I have scanned a document twice with rotation (0 degrees, and 180 degrees). I cannot seem to reverse engineer what is telling Adobe/Foxit to rotate (or not) the image when viewing. I have looked at the PDF-1.3 specification doc, and compared the PDF binary data between the orientation-corrected and not-corrected. I can not determine what is correcting the orientation?

No /Page/Rotate (defaults to 0) in PDF
No EXIF orientation in JPEG
I do not see any transformation matrix (cm operator) in PDF

In both cases the PDF binary looks like the following (stopped at the JPEG streamed data)

UPDATED: links to PDF files rotated-180 rotated-0

%PDF-1.3
%âãÏÓ
1 0 obj
<</Metadata 20 0 R/Pages 2 0 R/Type/Catalog>>
endobj
2 0 obj
<</MediaBox[0.0 0.0 606.6 794.88]/Count 1/Type/Pages/Kids[4 0 R]>>
endobj
4 0 obj
<</Parent 2 0 R/Contents 18 0 R/PieceInfo<</PSL<</Private<</V(3.2.9)>>/LastModified(D:20190201125524-00'00')>>>>/MediaBox[0.0 0.0 606.6 794.88]/Resources<</XObject<</Im0 5 0 R>>/Font<</C0_0 11 0 R/T1_0 16 0 R>>/ProcSet[/PDF/Text/ImageC]>>/Type/Page/LastModified(D:20190201085524-04'00')>>
endobj
5 0 obj
<</Subtype/Image/Length 433576/Filter/DCTDecode/Name/X/BitsPerComponent 8/ColorSpace/DeviceRGB/Width 1685/Height 2208/Type/XObject>>stream

Does anyone know how PDF viewers know to rotate an image 180 (or not).

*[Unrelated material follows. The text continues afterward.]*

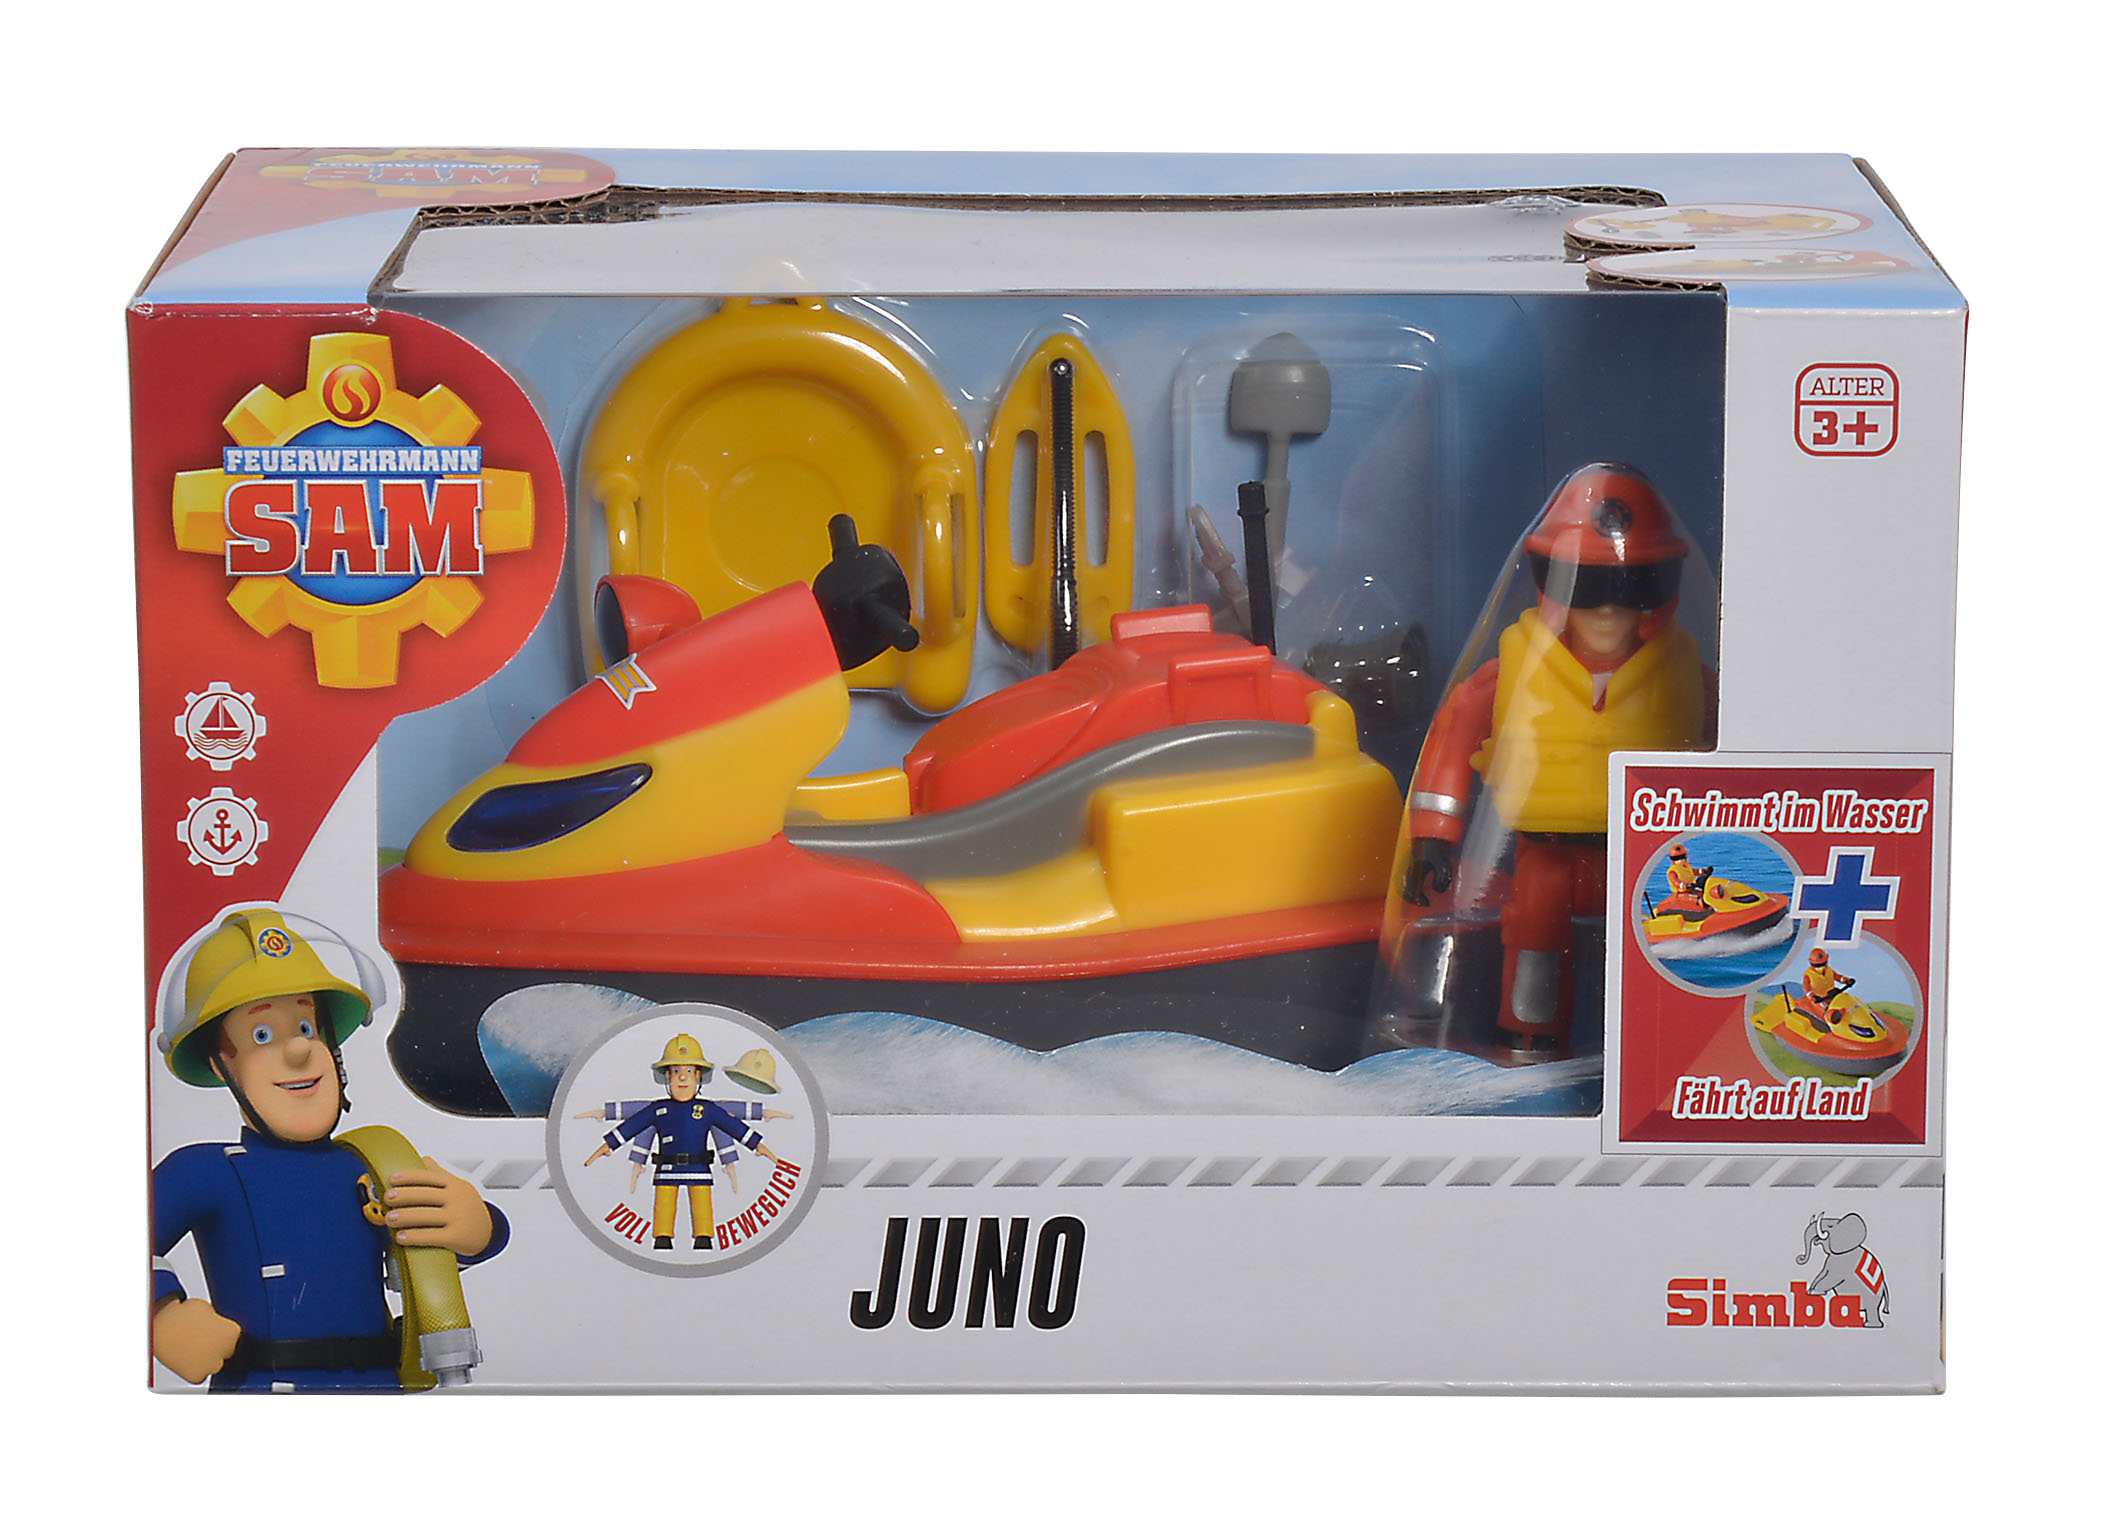 Juno Jet Feuerwehrmann TOYS JetSki SIMBA Spielzeug Sam Mehrfarbig Ski

Is it meta-data within the PDF or JPEG image which can be extracted? Does Adobe and other viewers do something dynamically on opening a document to determine if orientation correction is needed?

I'm no expert with PDF specification. But I was hoping someone may have already found a solution to this problem.

Please post a link to a rotated PDF file so we can take a look at it. — Mihai Iancu, Feb 02 '19 at 06:16
Indeed, the data you posted do not make a pdf viewer rotate anything. — mkl, Feb 02 '19 at 06:35
Thanks for the comments - I updated the Question to include links to the "rotated-180" PDF. Also added in "rotated-0" PDF as well. — user297500, Feb 04 '19 at 14:44

score 3 · Accepted Answer · answered Feb 05 '19 at 16:30

The image Im0 in the resources of the page in "internetfile-180.pdf" is not rotated:

But the image Im0 in the resources of the page in "internetfile.pdf" is rotated:

In the viewer both look upright, so in "internetfile.pdf" a technique must be used that rotates the image.

There are two major techniques for this:

Setting the Rotate property of the page accordingly, i.e. here to 180.
Applying a rotation transformation to the current transformation matrix in the content stream of the page.

Let's look at the page dictionary first, a bit pretty-printed:

4 0 obj
<<
  /Parent 2 0 R
  /Contents 13 0 R
  /PieceInfo
  <<
    /PSL
    <<
      /Private <</V (3.2.9)>>
      /LastModified (D:20190204142537-00'00')
    >>
  >>
  /MediaBox [0.0 0.0 608.64 792.24]
  /Resources
  <<
    /XObject <</Im0 5 0 R>>
    /Font <</T1_0 11 0 R>>
    /ProcSet [/PDF /Text /ImageC]
  >>
  /Type /Page
  /LastModified (D:20190204102537-04'00')
>>

As we see, there is no Rotate entry present. Thus, we'll have to look at the page content stream. According to the page dictionary it's in object 13, generation 0.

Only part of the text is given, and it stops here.